Hyphaene is pleonanthic, dioecious and includes species with small to massive and tall, solitary or basally clustered, erect or creeping stems (Figs. 1a-b); costapalmate leaves (Fig. 1d), often persistent when old; and conspicuously polymorphic, brown to orange fruits (Fig. 1f). The presence of once or twice, much rarely 3 times, dichotomously branched stems in some species of the genus, particularly in H. thebaica and less common in H. coriacea and H. compressa (Fig. 1a), is almost unique in the palm family; some details about this subject are explained by Stauffer et al. (2018). Branched stems in palms have been occasionally reported in species of Allagoptera, Borassus, Dypsis, Manicaria, Nannorrhops (Fisher & Maidman, 1999); whether the physiological and structural basis of this phenomenon is similar across this diverse palm groups remains unknown. The anatomical traits associated with leaf blades in the group are largely unstudied, other than a few efforts with H. dichotoma (Tomlinson et al., 2011). Such studies, however, will be critical to identify the main anatomical and histological adaptations of the leaves to the arid ecological conditions where most Hyphaene grow. Hyphaene is a dioecious genus and the unisexual flowers are inserted in separate inflorescences (Fig. 1). The pollen of the genus has been described by Dransfield et al. (2008) as ellipsoidal (in the case of H. coriacea looking spherical), bi-symmetric, with a distal sulcus and an ectexine tectate, finely perforate-rugulate, with supratectal gemmae (Figs. 2-5). The female flower is 3-carpellate and a conspicuous septal nectary develops between flanking carpels (Figs. 6-10).

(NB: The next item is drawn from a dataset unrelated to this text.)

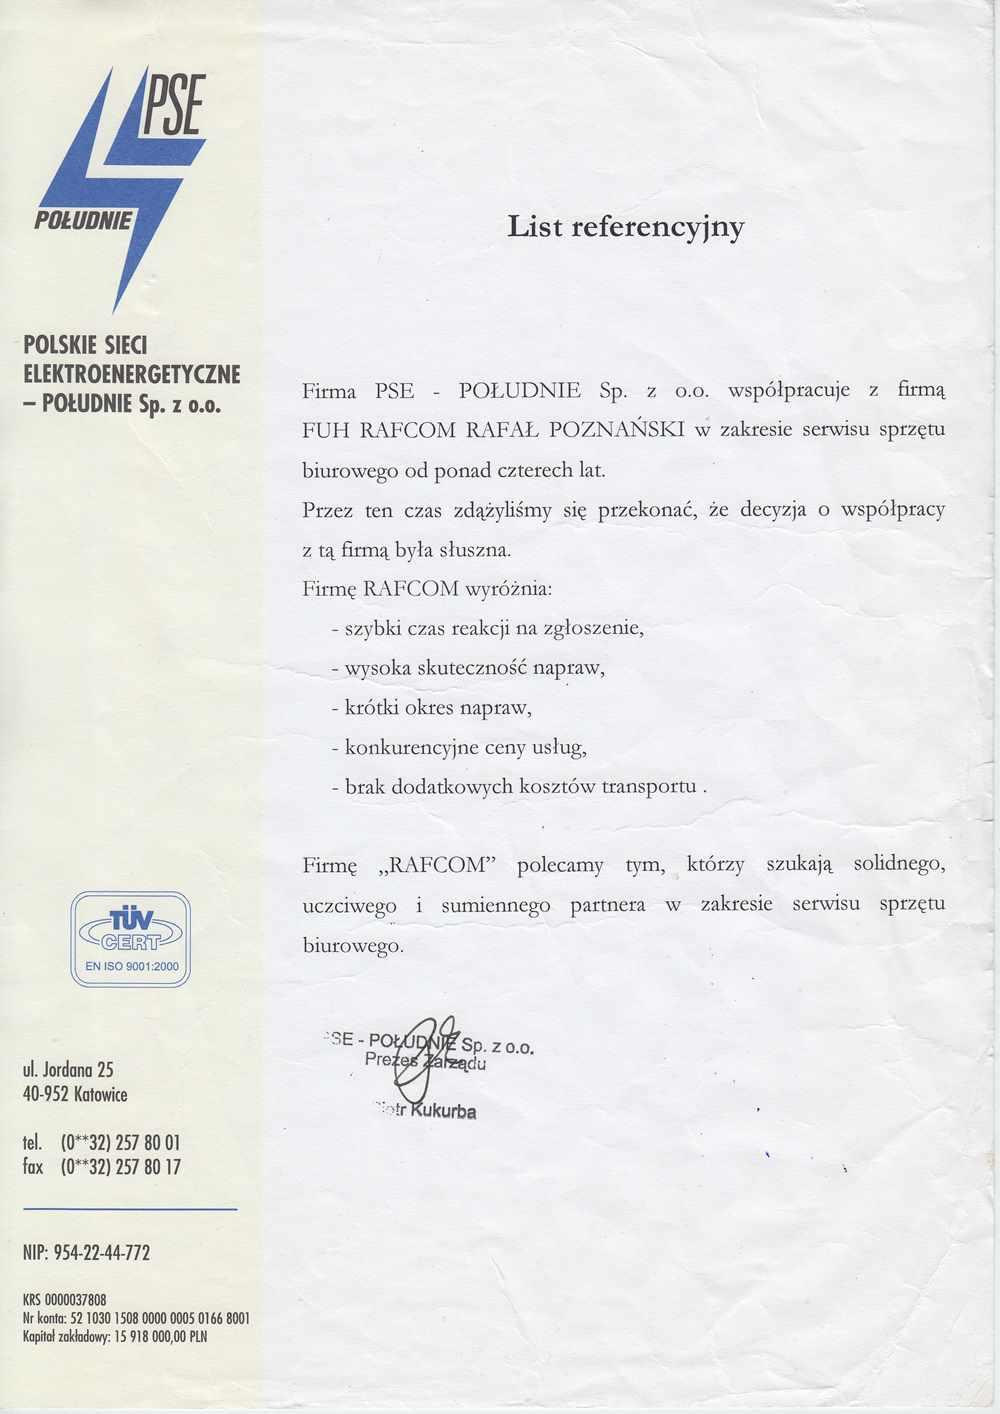 List referencyjny dla firmy Rafcom Katowice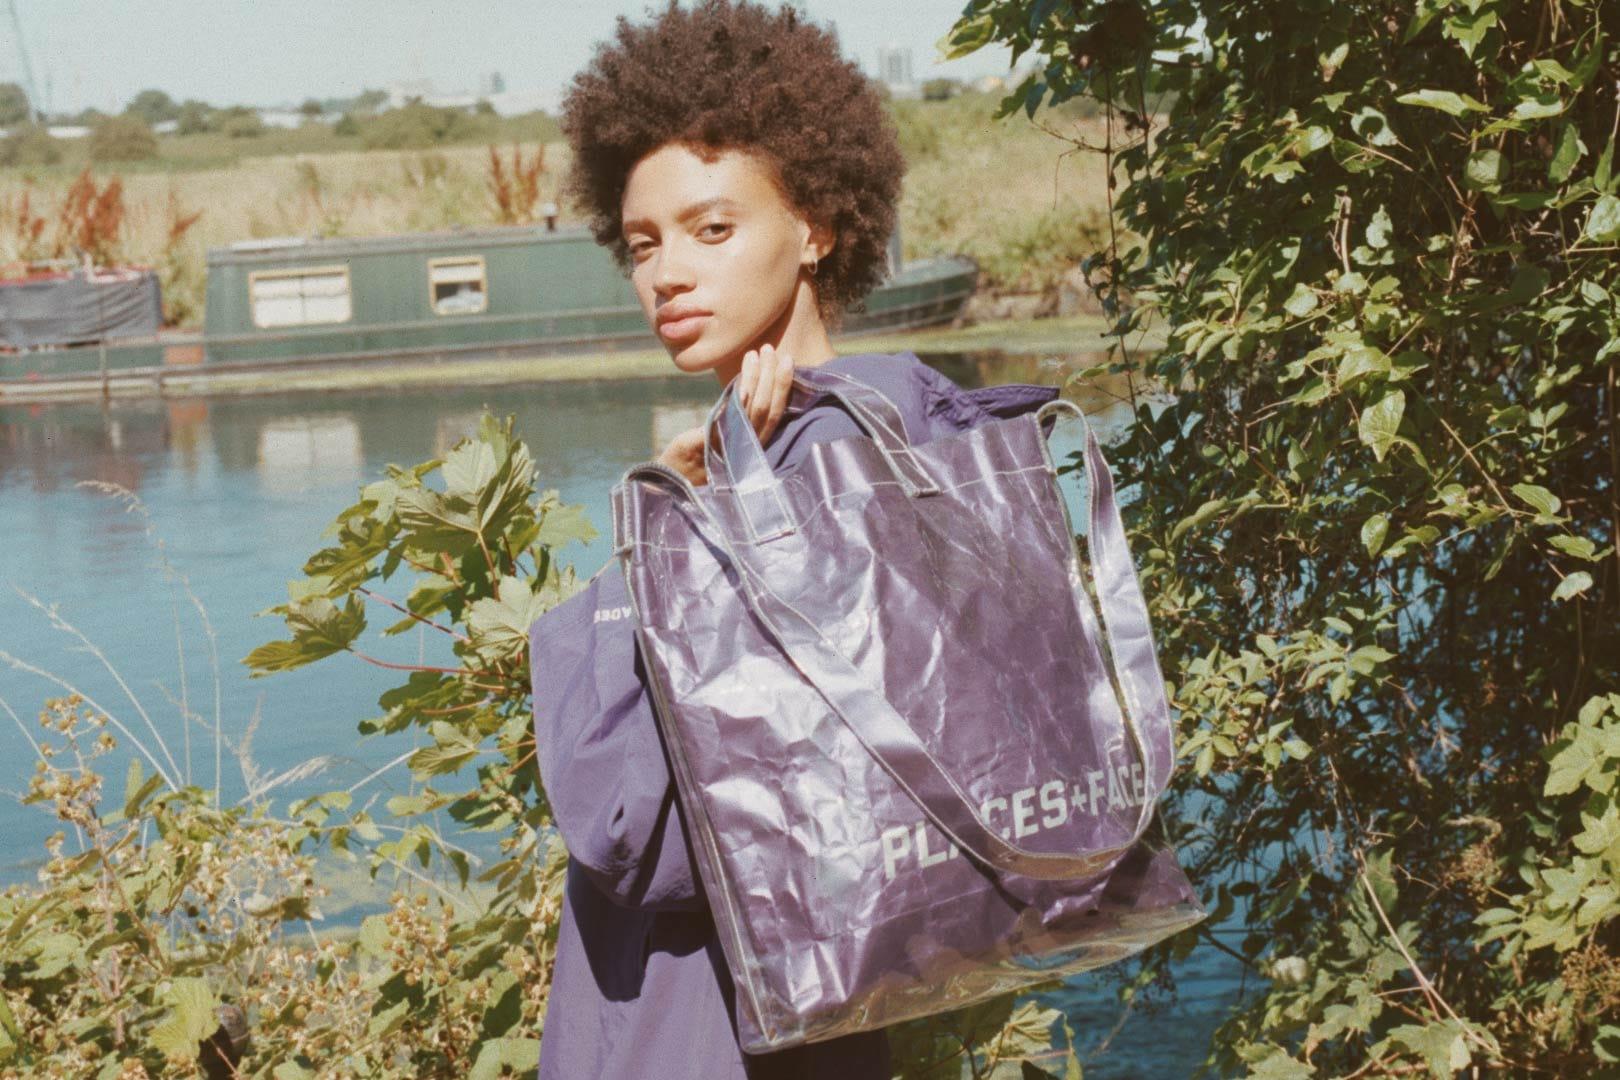 Faces transparent bag 1 Places

Fig. 1. Growth habit and morphology in Hyphaene. A. Dichotomously branched stems of H. thebaica, Israel; B. Solitary, unbranched habit in H. petersiana, Namibia; C. Leaf sheath splitting in H. thebaica, Ivory Coast; D. Leaf blade of H. petersiana, Zimbabwe; E. Inflorescence of H. coriacea (Madagascar) bearing male flowers; F. Infructescence of H. coriacea showing ripe fruits, Madagascar.
Fig. 2. Male flower of Hyphaene coriacea at anthetic stage. Upper left: upper view of the male flower showing the 6 equally developed stamens (two anthers lacking); Upper right: side view of the male flower; Lower left: upper view of the poorly differentiated pistillode; Lower right: side view of the pistillode (photos L. Michon).
Fig. 3. Male flower of Hyphaene guineensis at late bud stage. Note the well-developed endothecium and the abundant pollen within the pollen sacs.
Fig. 4. Deatl of anther of anther in Hyphaene guineensis.
Fig. 5. Spherical pollen grains observed on an anther of Hyphaene coriacea (photo L. Michon).
Fig. 6. Female flower of Hyphaene coriacea at pre-anthetic stage. Upper left: upper view of the female flower showing the sepals and the petals; Upper right: side view of the female flower; Lower left: inner side of the petal showing one portion of the staminodial ring, note the presence of at least 3 staminodes; Lower right: detail of the uppermost part of the filament of the staminode, the anther looks clearly sterile (photos L. Michon).
Fig. 7. Detail of a young ovule in Hyphaene thebaica.
Fig. 8. Septal nectary in Hyphaene thebaica. This nectary producer tissue is good evidence of insect pollination in the genus Hyphaene, although wind may also play a role in open environments.
Fig. 9. Detail of epithelium in the septal nectary of Hyphaene thebaica. The epidermal cells look papillate and are quite elongate.
Fig. 10. Detail of a petal in a female flower of Hyphaene thebaica. Note the well developed raphide idioblasts acting as protective devices against herbivory.